2. The event is parsed. In the endpoint we only did decompression, a basic JSON syntax check, and extraction of the event ID to be able to return it as part of the response.

   Now we create an Event struct, which conceptually is the equivalent to parsing it into a Python dictionary: We allocate more memory.

3. The event is normalized. Event normalization is probably the most CPU-intensive task running in Relay. It discards invalid data, moves data from deprecated fields to newer fields and generally just does schema validation.

4. Filters (“inbound filters”) are applied. Event may be discarded because of IP addresses, patterns on the error message or known web crawlers.

5. Exact rate limits (“quotas”) are applied. is_rate_limited.lua is executed on Redis. The input parameters for is_rate_limited.lua (“quota objects”) are part of the project config. See this pull request for an explanation of what quota objects are.

   The event may be discarded here. If so, we write the rate limit info (reason and expiration timestamp) into the in-memory project cache so that the next store request returns a 429 in the endpoint and doesn’t hit Redis at all.
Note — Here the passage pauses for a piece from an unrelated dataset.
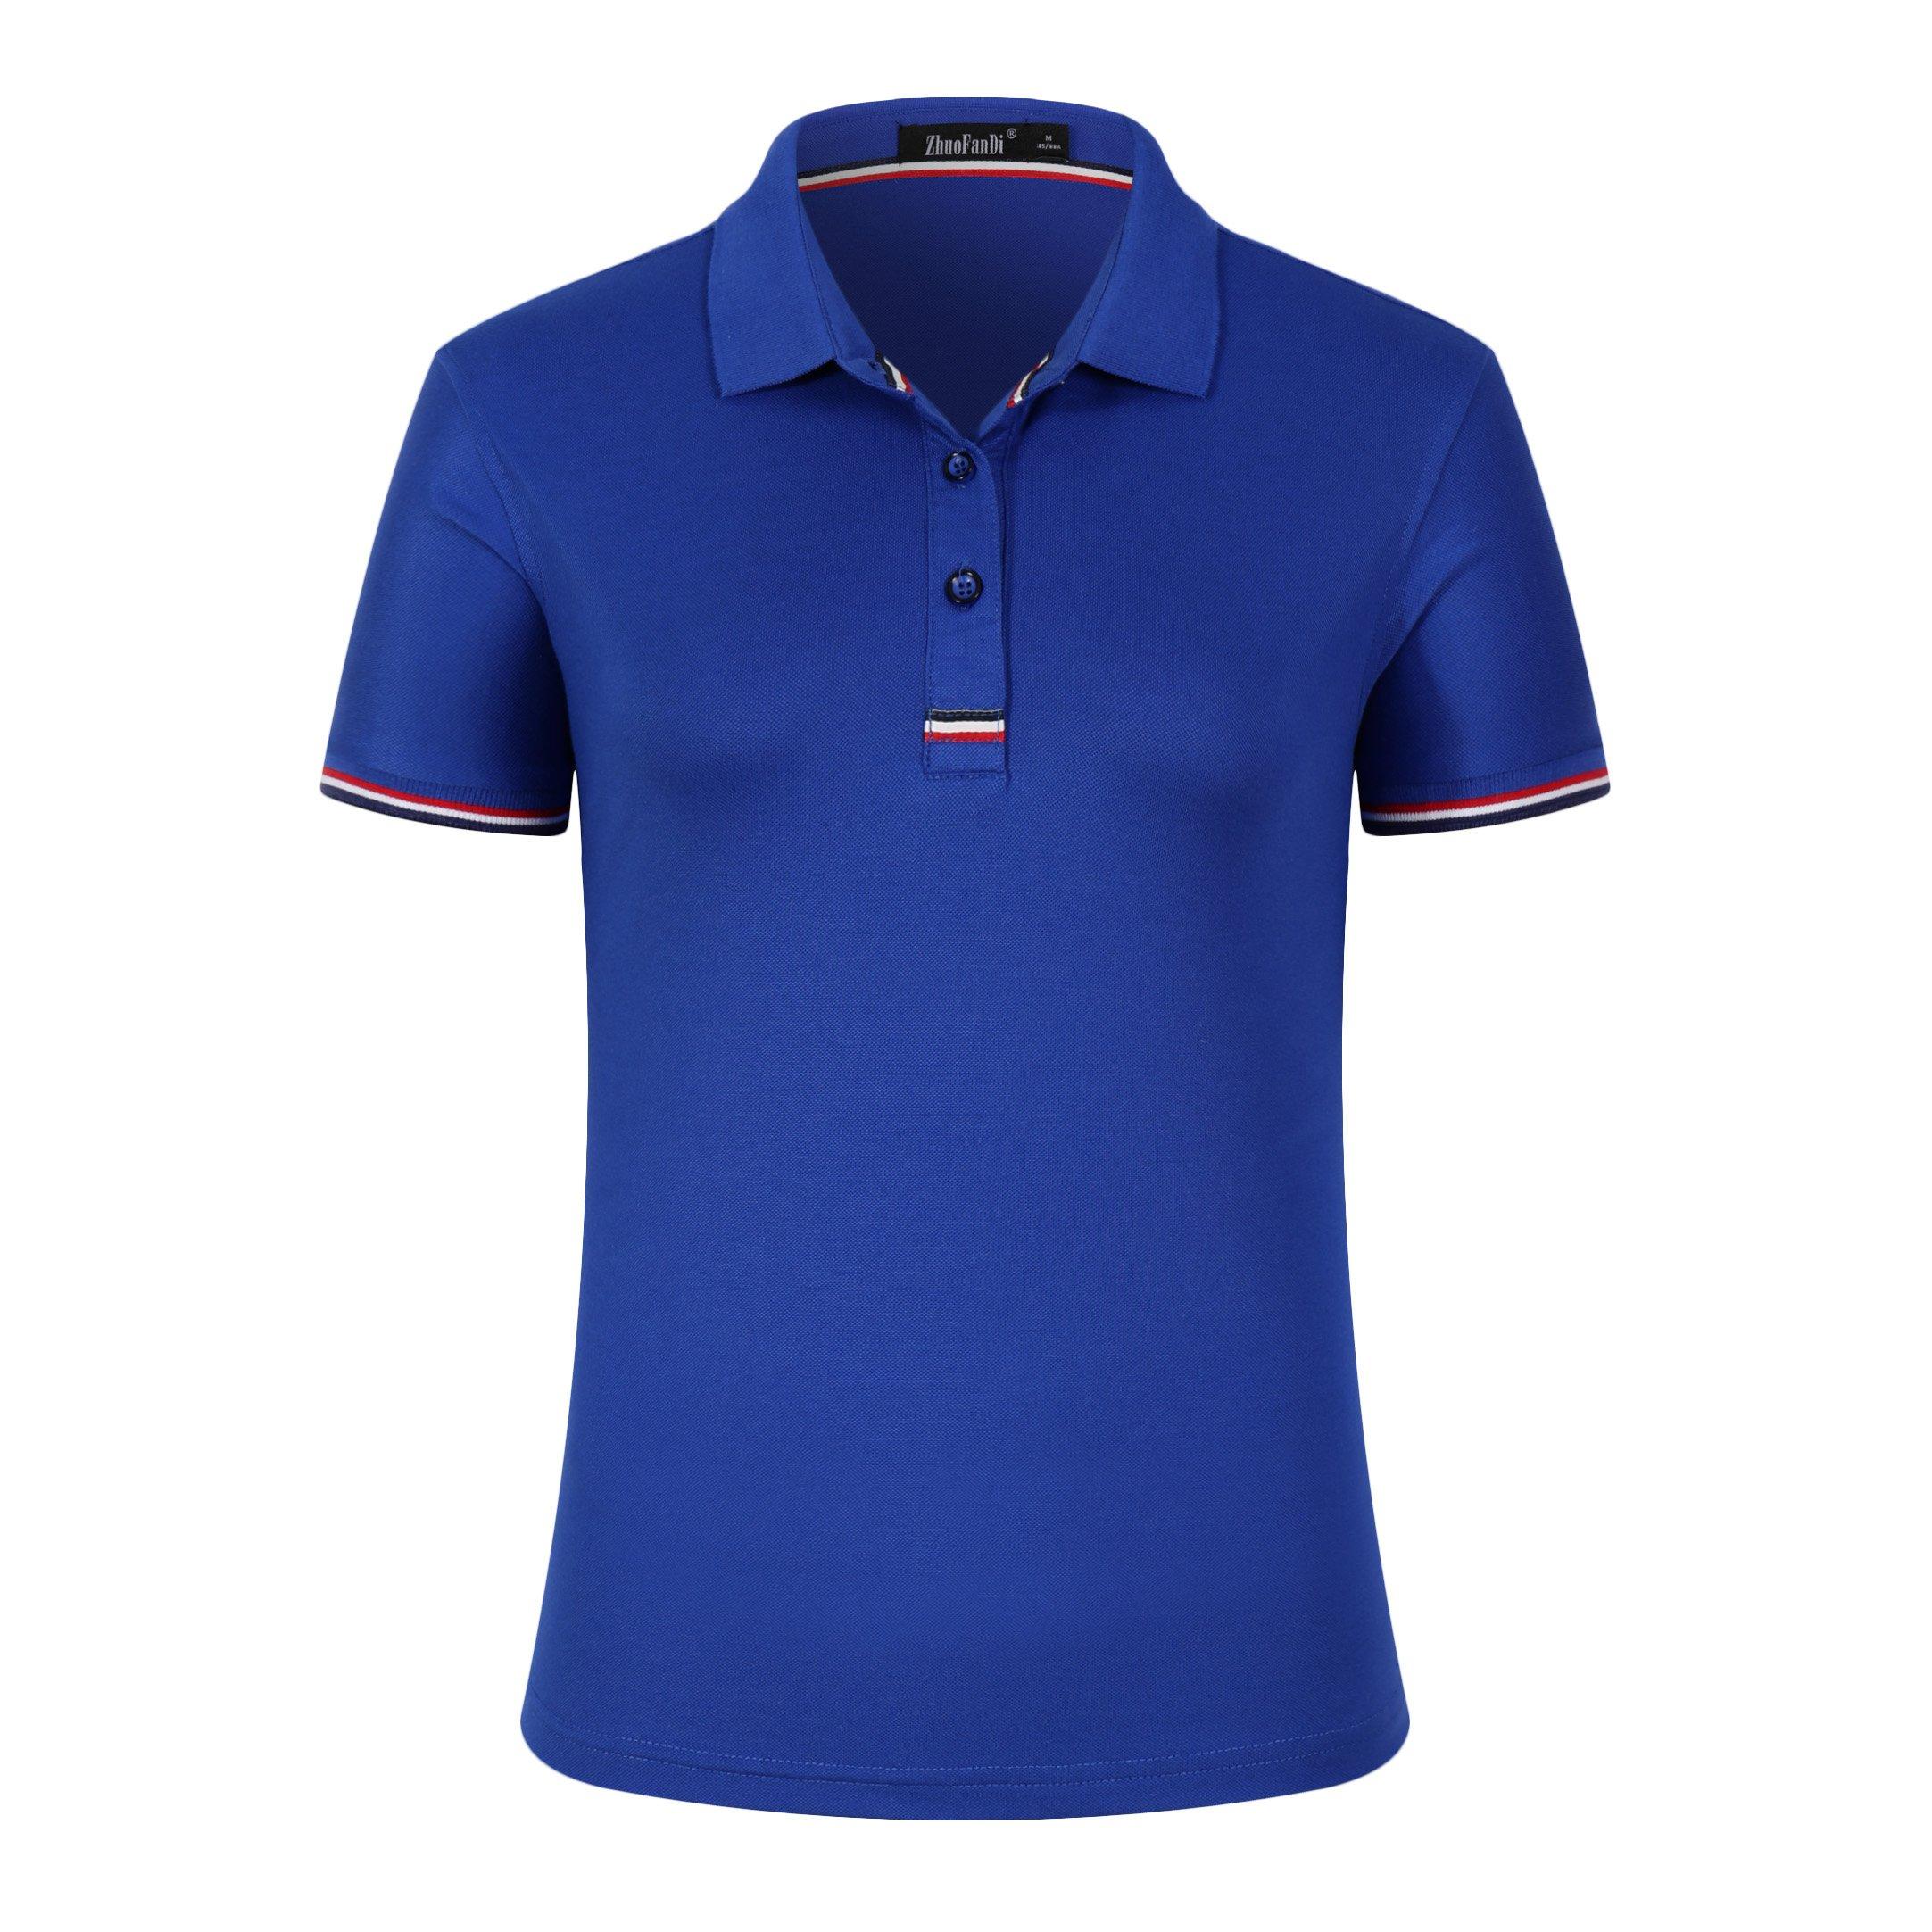 Mitario Femiego Women Classic Rainbow Collar Slim Fit Short Golf Polo Shirt Royal Blue S

   This contraption has the advantage that suspended or permanently rate-limited projects are very cheap to handle, and do not involve external services (ignoring the polling of the project config every couple of minutes).

6. The event is datascrubbed. We have a PII config (new format) and a datascrubbing config (old format, converted to new format on the fly) as part of the project config fetched from Sentry.

7. Event is written to Kafka.

Note: If we discard an event at any point, an outcome is written to Kafka if Relay is configured to do so.

Summary

For events that returned a 200 we spawn an in-process background task that does the rest of what the old StoreView did.

This task updates in-memory state for rate limits and disabled projects/keys.

The outcomes consumer

Outcomes are small messages in Kafka that contain an event ID and information about whether that event was rejected, and if so, why.

The outcomes consumer is mostly responsible for updating (user-visible) counters in Sentry (buffers/counters and tsdb, which are two separate systems).

The ingest consumer

The ingest consumer reads accepted events from Kafka, and also updates some stats. Some of those stats are billing-relevant.

Its main purpose is to do what insert_data_to_database in Python store did: Call preprocess_event, after which comes sourcemap processing, native symbolication, grouping, snuba and all that other stuff that is of no concern to Relay.

Sequence diagram of components inside Relay

sequenceDiagram
participant sdk as SDK
participant endpoint as Endpoint
participant projectcache as ProjectCache
participant envelopemanager as EnvelopeManager
participant cpupool as CPU Pool

sdk->>endpoint:POST /api/42/store
activate endpoint
endpoint->>projectcache: get project (cached only)
activate projectcache
projectcache-->>endpoint: return project
deactivate projectcache
Note over endpoint: Checking rate limits and auth (fast path)
endpoint->>envelopemanager: queue event

activate envelopemanager
envelopemanager-->>endpoint:event ID
endpoint-->>sdk:200 OK
deactivate endpoint

envelopemanager->>projectcache:fetch project
activate projectcache
Note over envelopemanager,projectcache: web request (batched with other projects)
projectcache-->>envelopemanager: return project
deactivate projectcache

envelopemanager->>cpupool: .
activate cpupool
Note over envelopemanager,cpupool: normalization, datascrubbing, redis rate limits, ...
cpupool-->>envelopemanager: .
deactivate cpupool

Note over envelopemanager: Send event to kafka

deactivate envelopemanager

Re-exports

• pub use self::envelope::Envelope;

Structs

• MemoryChecker
  Struct that composes a Config and MemoryStat and provides utility methods to validate whether memory is within limits.
• MemoryStat
  Wrapper which hides the Arc and exposes utils method to make working with MemoryStat as opaque as possible.
• SqliteEnvelopeStack
  An EnvelopeStack that is implemented on an SQLite database.
• SqliteEnvelopeStore
  Struct that offers access to a SQLite-based store of [Envelope]s.

Enums

• PolymorphicEnvelopeBuffer
  Polymorphic envelope buffering interface.

Traits

• EnvelopeStack
  A stack-like data structure that holds [Envelope]s.

Functions

• run
  Runs a relay web server and spawns all internal worker threads.